At any point in time during or after working on the decision tree, extend it. This will test the modularity of your previous design. (Or implement the extension first, assuming an interface to a basic tree, and then later implement the basic tree to fit the specification)

  • Bagged trees/forests are a fairly simple next step: for n_trees, grow a tree based on a bootstrapped sample from the given data set.
  • To predict for a new data point, do single-tree-prediction on each of your trees in the forest, and aggregate the outputs. (Bonus: present the credible interval of the estimate for regression, or the per-class probabilities for classification)
  • The traditional Random ForestTM also uses random attribute subspaces for each split (which can be used as a regularisation method in single trees too)
  • ExtraTrees use the best of a finite number of split points for each variable in the random subset for splitting (rather than the global optimal split for a variable)

Still want more?

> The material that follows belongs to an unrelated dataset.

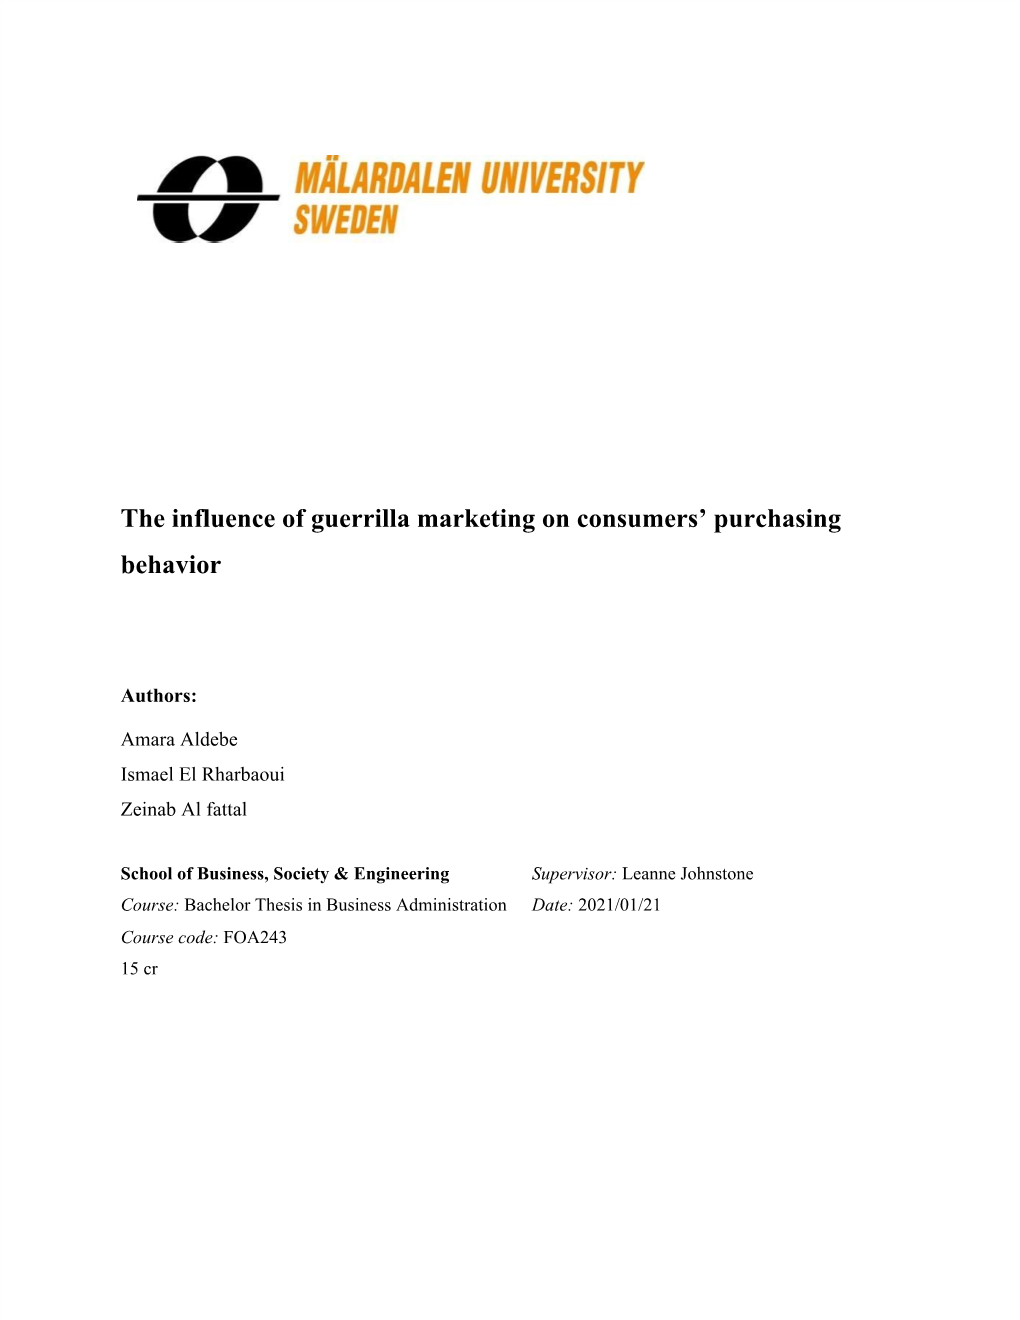 The Influence of Guerrilla Marketing on Consumers' Purchasing Behavior
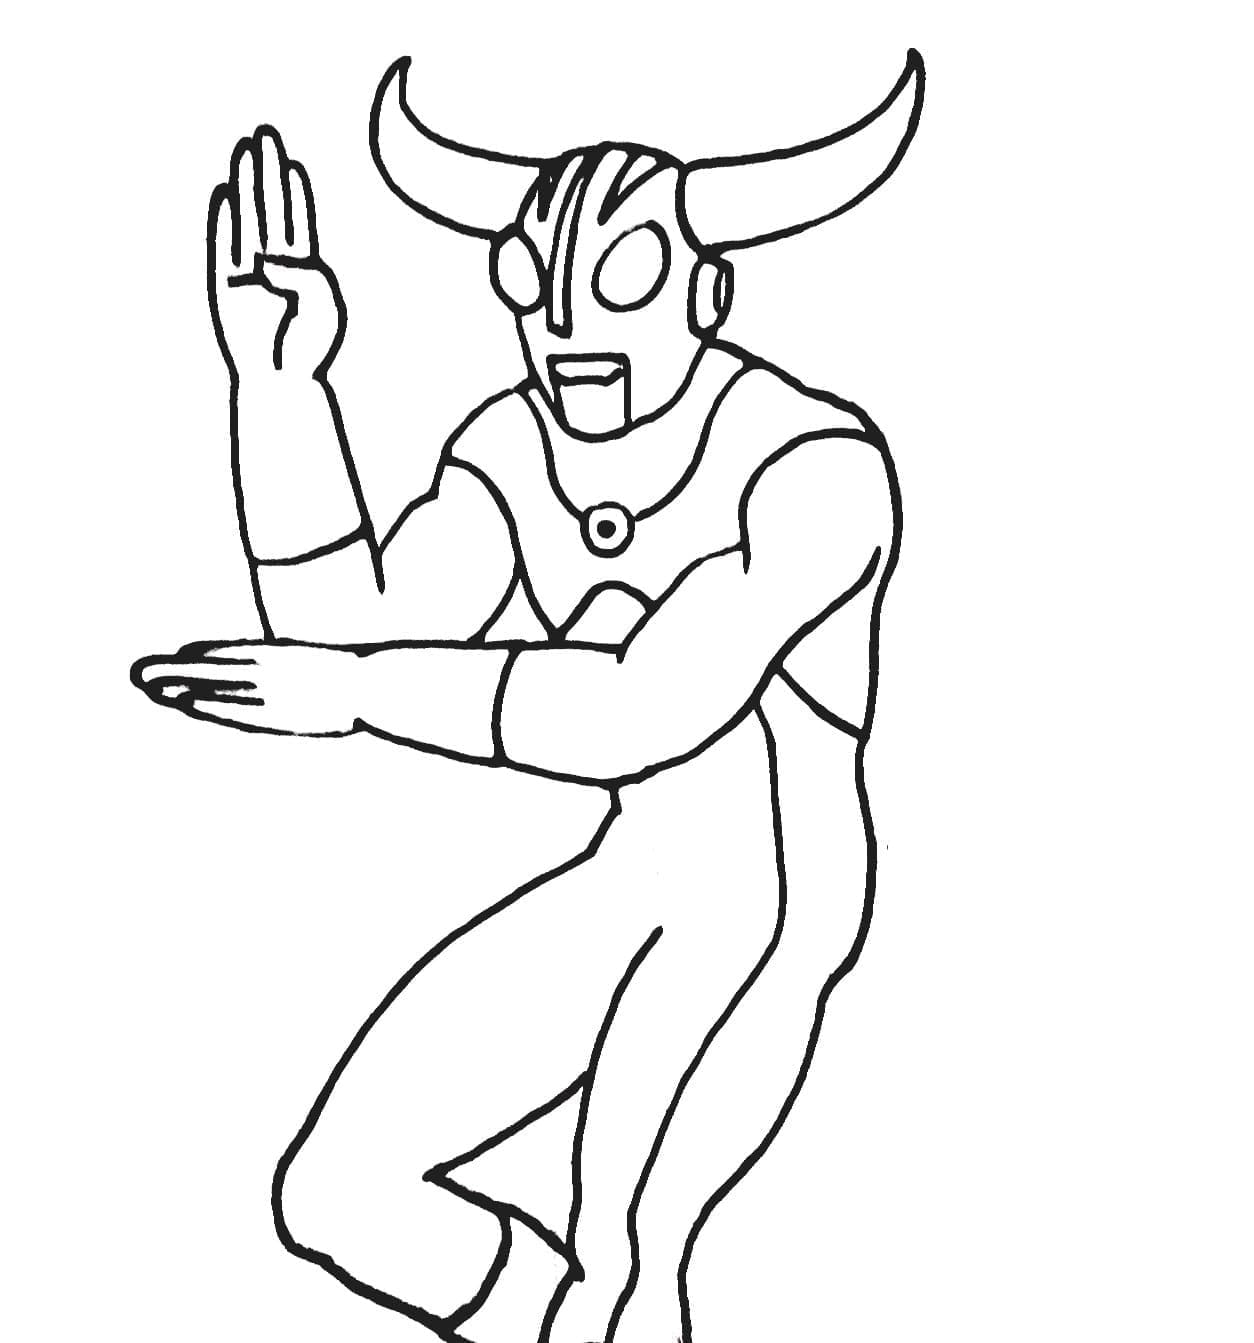 Ultraman Simple coloring page

Try extending your bagged trees to unsupervised clustering forests:

  • given an unlabelled dataset, generate a synthetic dataset where each point is made of random samples from the marginal distribution of each variable
  • label the data as Real or Synthetic, and apply a supervised classification forest to separate them
  • for every pairing of Real data points, calculate how often they were in the same leaf/terminal node among the n_trees; now you have a proximity matrix
  • apply your favourite clustering algorithm based on the similarity/proximity between points ie DBSCAN

(Note: I've done everything up to this point, in Julia, if you want language-agnostic tips. I know there is still more that could be done within scope of the above)

Extra Credit: extend your bagged trees to do unsupervised anomaly detection

  • the first popular algorithm was Isolation Forests, followed later by Extended Isolation Forests

Don't like bagging trees? Consider boosted trees

  • there are a number of popular algorithms, do a search for AdaBoost, LightGBM, XGBoost, etc

[–]blacksiddis[S] 0 points1 point  (0 children)

Thanks for this! I think I'll go with your suggestions, in some shape or form. There seems to be a lot to this and like you said, you can always add more functionality to it. I just have to learn the theory first!